The Singapore High Court has found former WBL Corporation chief financial officer Kevin Chee Fai Lew guilty of insider trading under the city's Securities and Futures Act (SFA), the first such ruling under the law and a signal of tighter oversight of the region's corporate finance executives.
Lew, who was employed as both CFO and chief risk officer at WBL from 1998 to 2007, was convicted under the SFA's civil penalty regime of selling 90,000 shares in the company after becoming aware that it would report a third-quarter loss. He is now awaiting the court's sentence, which could include fines and court costs of up to three times Lew's profit from the trade under guidelines that went into force in 2004.
"Insider trading unfairly tilts the playing field against other market participants and undermines investor confidence in the integrity of our capital markets," said Leo Mun Wai, assistant managing director of the Monetary Authority of Singapore's (MAS) capital markets group, in a statement. "As this case demonstrates, MAS will use every effort and resource to enforce our insider trading laws."
Drew and Napier, a local law firm in Singapore, said in a legal update that the ruling provided "much needed" guidance on how the civil penalty regime under the SFA would be implemented.
The ruling is seen by many as a sign that Asia's regulators are tightening their oversight of markets and finance executives around the region. "It is indicative of the new environment that we're entering into, one that is going to be more highly regulated," said Chris Leahy, managing director of Greater China and Southeast Asia at Kroll, on what the ruling means for CFOs and treasurers. "It's a reaction to market excesses."
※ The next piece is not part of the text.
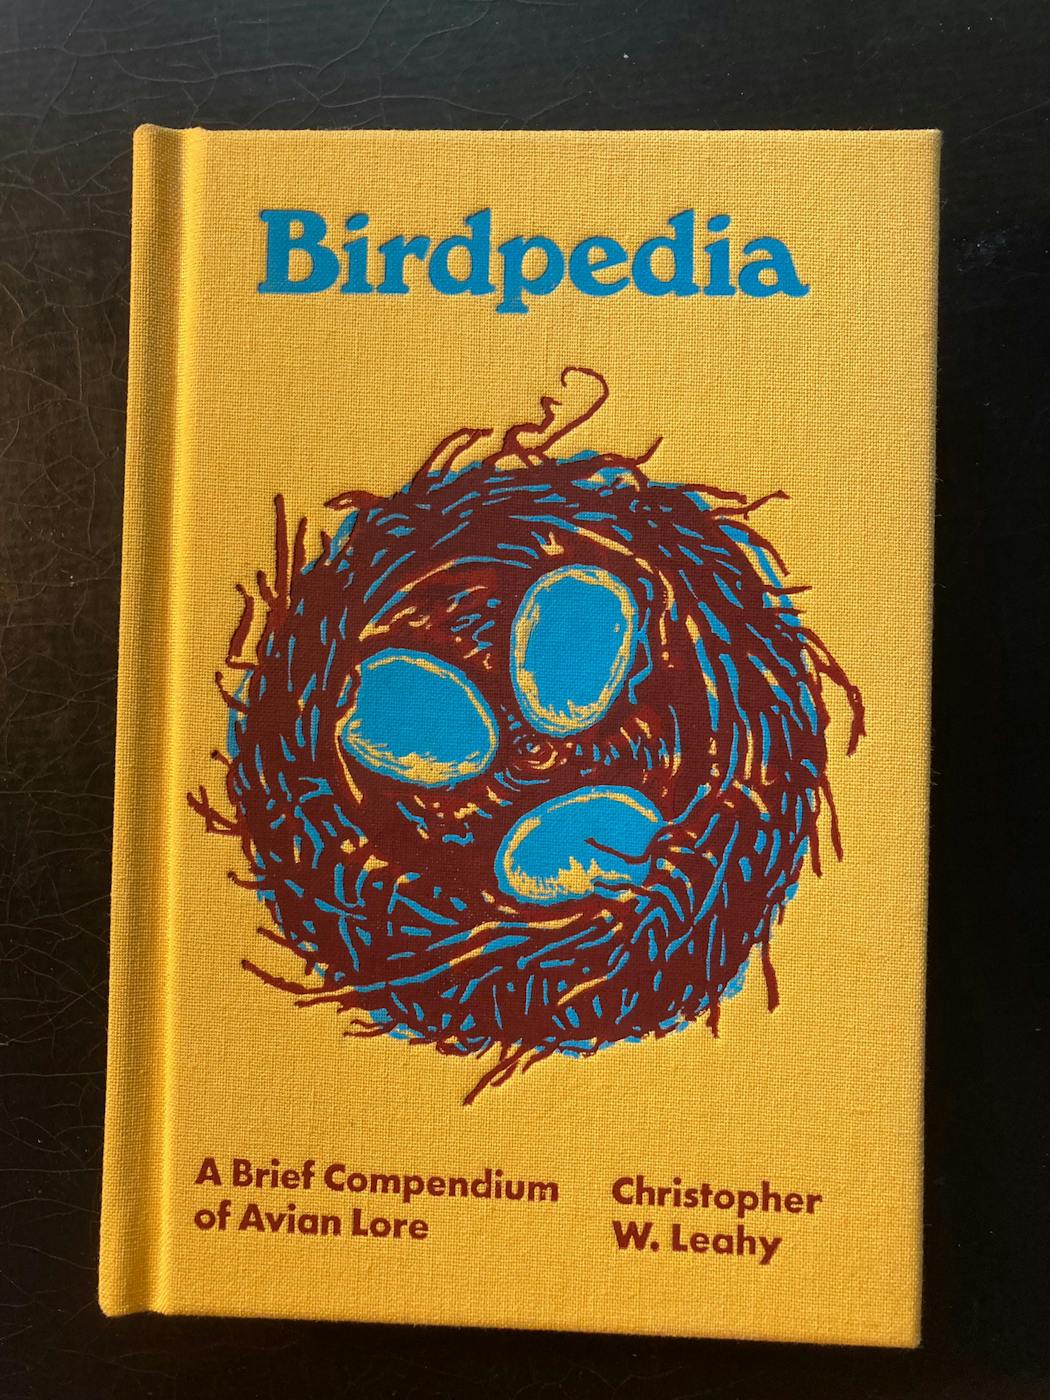 “Birdpedia”

Leahy said that Singapore and Hong Kong are "stand-outs" in their efforts to get tough on illegal acts in the financial markets but that other regulators were also trying, specifically naming Malaysia. He added that regulatory regimes in other jurisdictions, such as Indonesia and the Philippines, were evolving and while they have indicated a desire to step up enforcement activities, they had "bigger fish to fry" at the moment.
Last year, a Hong Kong district court found Du Jun, a former managing director and investment banker in Morgan Stanley's fixed-income group, guilty of insider trading in a case investigated by the city's Securities and Futures Commission.
Leahy recommended CFOs and treasurers in Asia be more careful and more aware of local regulations. And, if something suspicious comes to their attention, to investigate and address it quickly or face harsher penalties from regulators.
One concern on many people's minds is too much regulation. Financial reform proposals in Europe, the UK and US include higher levels of compliance for both banks and anyone who deals with them, including CFOs and corporate treasurers. Selwyn Blair-Ford, a senior domain expert for risk and regulatory compliance at vendor FRSGlobal, said proposed legislation would reduce the amount of available funding in the market, especially for corporates, in an interview earlier this year.
"The key with too much regulation is will people become so tied up in red tape and regulatory disclosure that it will stymie free markets and the ability of companies to operate," said Leahy.
Despite the potential downside, the fact that regulatory enforcement in Asia has increased is a good sign. A sign of mature markets in Hong Kong and Singapore and a local example the rest of the region can look up to.